他人からの高評価が自分を追い詰める
多くの人は、他人から評価されることに喜びを感じ、
「次も頑張ろう」「また褒められるように努力しよう」
と思うものです。
他人から評価されることは、頑張るためのエネルギーになります。
しかし。
それと同時に、自分を追い詰めるものでもあるのです。
「褒められることが嬉しい」につきまとう恐怖
仕事で結果を出したときや、学校のテストでいい点数をとったとき。
みなさんの周りの人はどんな反応を示しますか?
「よくやった!すごいぞ!」
「えらい!頑張ったわね!」
などという言葉をかけてくれるのではないでしょうか。
いわゆる「褒められる」というやつですね。
人は、褒められると嬉しいのです。モチベーションを高く保ち
さらに精進しようとするものです。
褒められることは、努力を継続したり、向上心を
持って物事に取り組むためのエネルギーになります。
これは、みなさんも体験しているからわかると思います。
ただ、ここにひとつ問題があります。わかりますか?
「褒められる」には必ず終わりが来る
褒められたことが嬉しい → 努力する
上達する → 褒められる → さらに努力する
上達する → また褒められる → もっともっと努力する
しばらくこれが続きます。
ですが、努力が結果に結びつくにも限度があるのです。
だんだん上達の幅が少なくなり、しまいには上達できない時がやってきます。
結果が出ない → 褒められない
・・・あんなに頑張ったのに褒められない
ここが天井になります。
「褒められる」ことのガソリンがエンジンを焼き切る
また、天井に達する前に体に限界が来てしまうと、妻のような状態に陥ります。
車に例えれば、
褒められる=ガソリンを入れてもらっている
そんな状態です。ガソリンがなくならないので、前に進むことができます。
でも、ガソリンさえそそぎ続ければ車が順調に走れるのか。
そうではありません。
たまにはエンジンを休ませて全体のメンテナンスを行う必要があるのです。
そうでなければ、動き続けたエンジンが焼き切れ、車は止まってしまいます。
妻を動かし続けた複数のガソリン
教員である妻を動かし続けたガソリンもまた、他人から褒められること、他人からの高評価でした。
教師の仕事は教科書に沿って授業を進めることですが、同じページを教えるにしても、その授業内容は先生によって千差万別です。
妻は、生徒が少しでも授業に興味を持ってくれるように努力しました。黒板に貼るカードを自作したり、グループで行うゲーム実習を考えたり。
生徒からは「先生の授業は楽しい」「授業が好きになりました」と言ってもらえたと喜んでいました。
これが「授業をもっと良いものにしたい」のガソリン。
また、教師の仕事は授業だけではありません。部活指導、掲示物づくり、会議、研修など多岐にわたります。基本的には割り振りが決められて担当するのですが、ひとつの業務を複数の先生で持つ場合があります。

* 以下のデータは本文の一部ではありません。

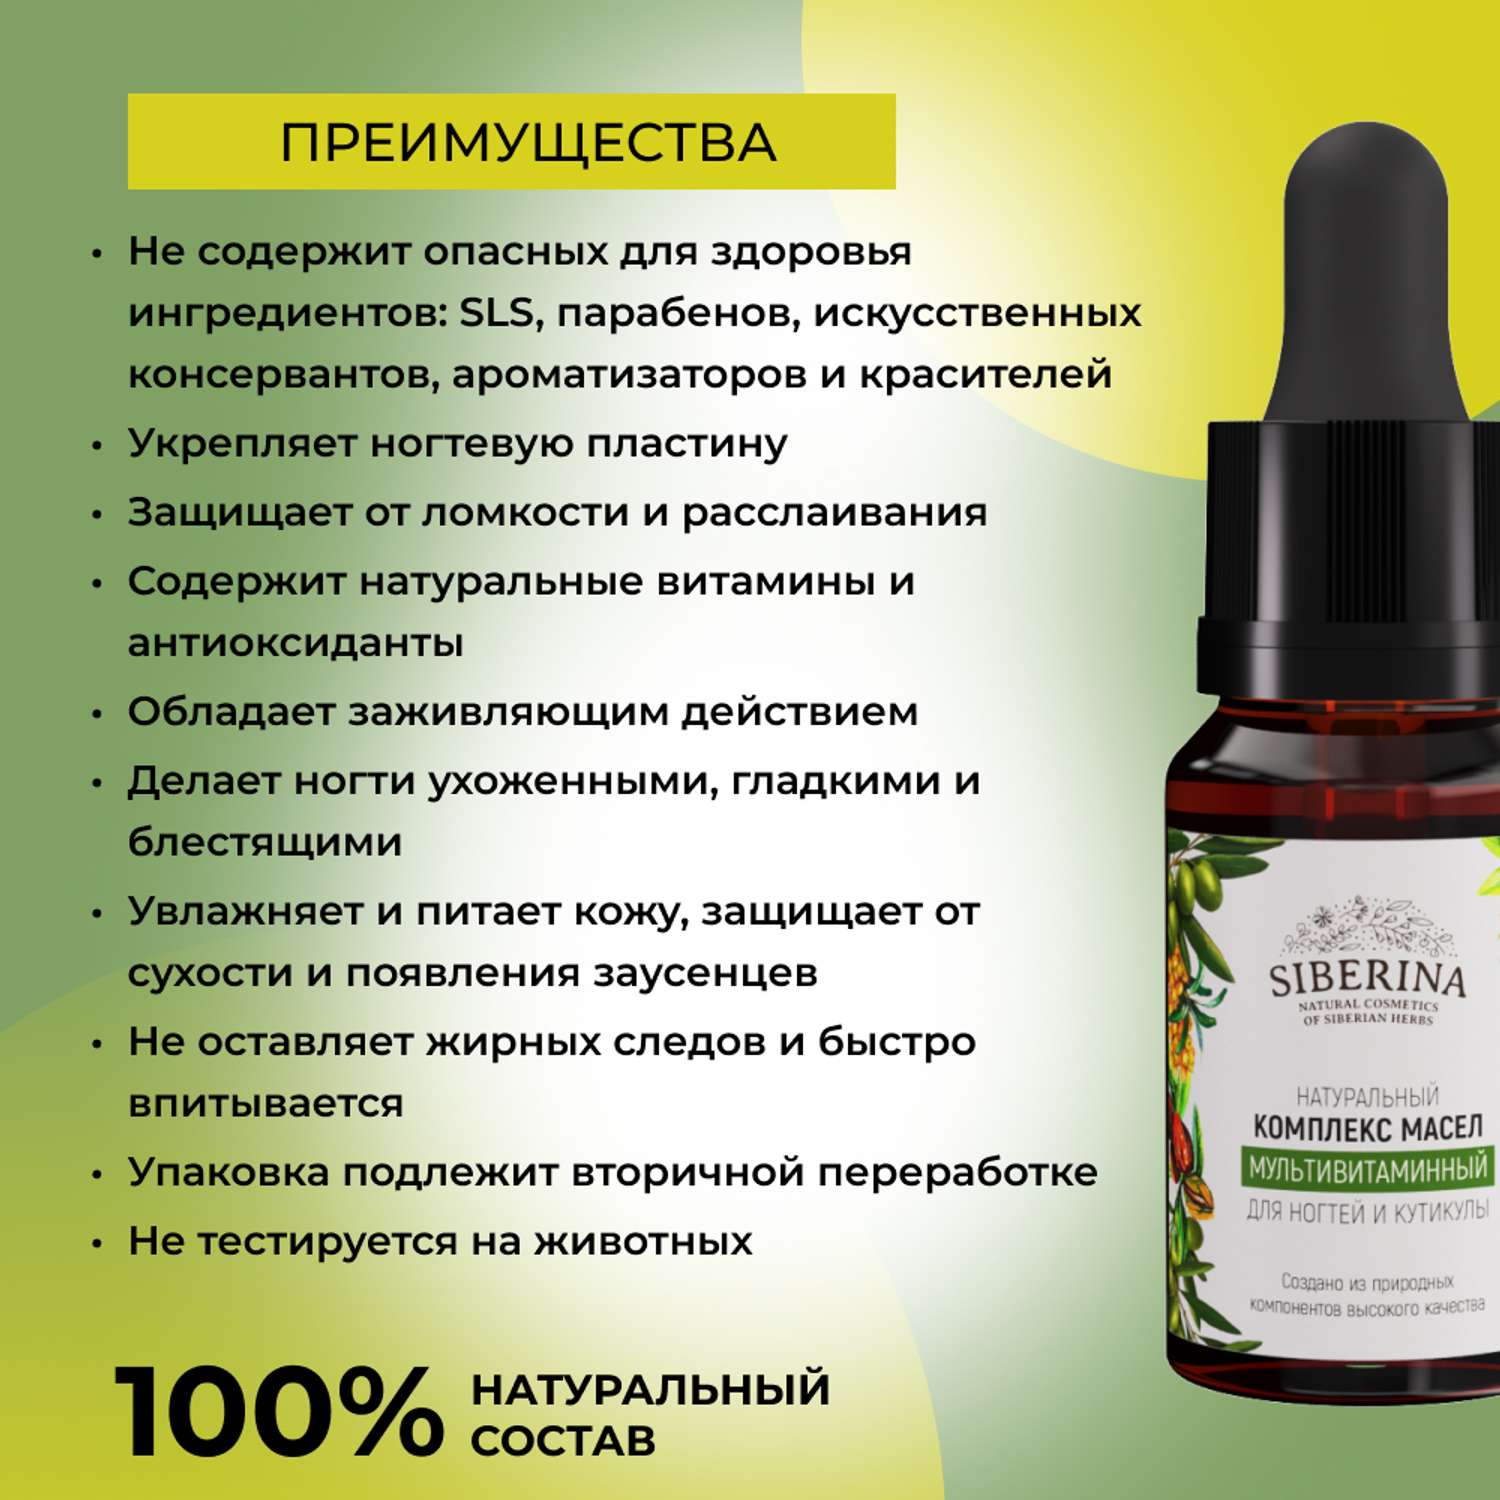 Комплекс масел Siberina натуральный «Мультивитаминный» для ногтей и кутикулы 10 мл - фото 3
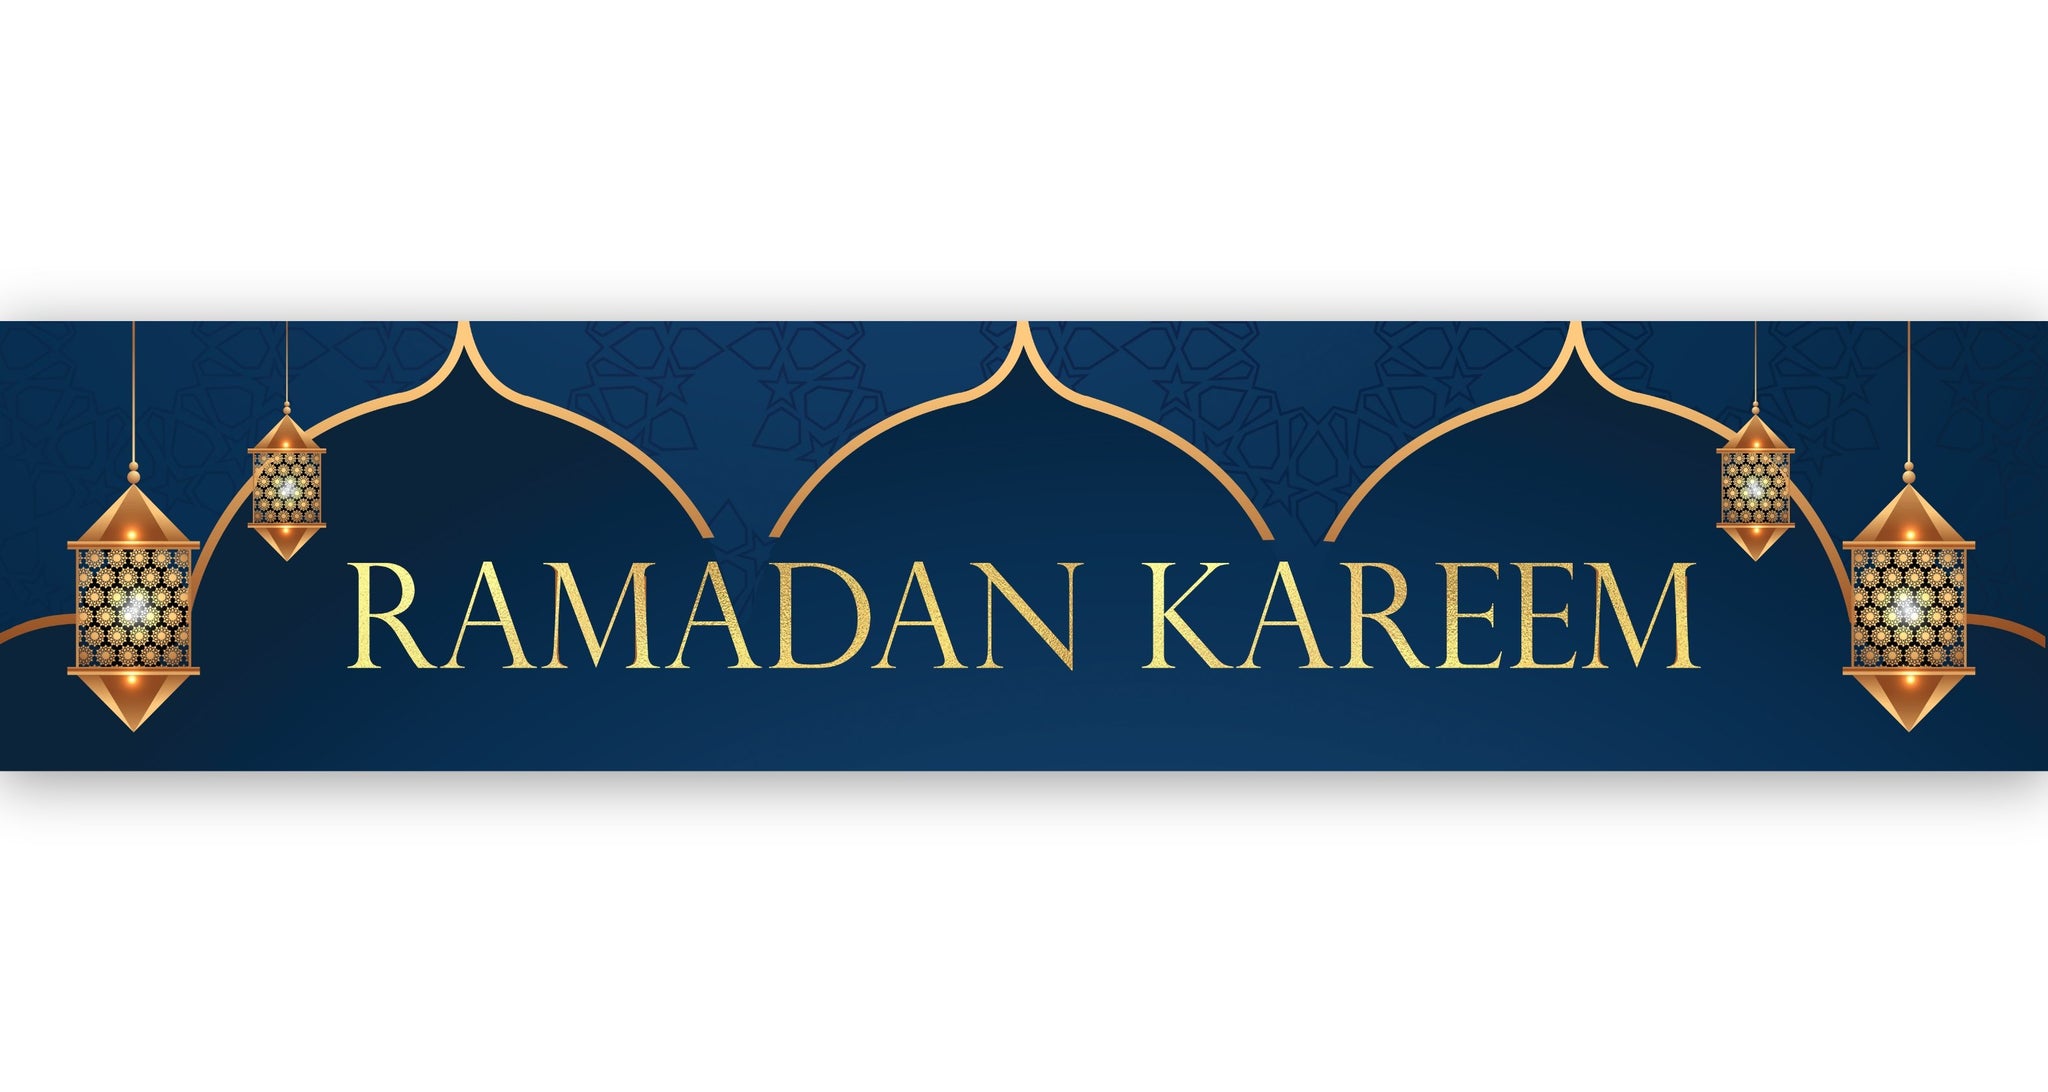 Ramadan Kareem Banner - Navy & Gold Domes & Lanterns

わかりやすいのは、野球部の顧問に先生が2人つく、などですね。
このとき、妻が頑張って働くと、もう一人の先生から感謝されるという現象が起こります。当然ですよね。2人で持っている仕事を頑張ってもらったわけですから。
で、これが「授業以外の仕事も頑張ろう」のガソリン。
生徒やほかの先生からの評価の声があると、教頭や校長にもその気配は届くようで。
「先生、最近頑張ってるようですね。」
「期待していますよ」
こう言われて妻はますますやる気になった。少しくらい残業が増えたり、自分の睡眠時間が削れたりしてもいいから頑張ろうと思うようになった。
これが、「上司から褒められたい」のガソリン。
エンジン停止
他にもあるかもしれませんが、少なくともこの3つのガソリンがほぼ同時に、妻に注がれ続けました。
妻のエンジンは高回転で回り続けます。
そして、数か月にわたって回り続けた妻のエンジンは毎晩、就寝前に煙を吹くようになりました。
この煙が、炎に変わったあの夜。
父ちゃんは妻に病院へ行くように告げたのでした。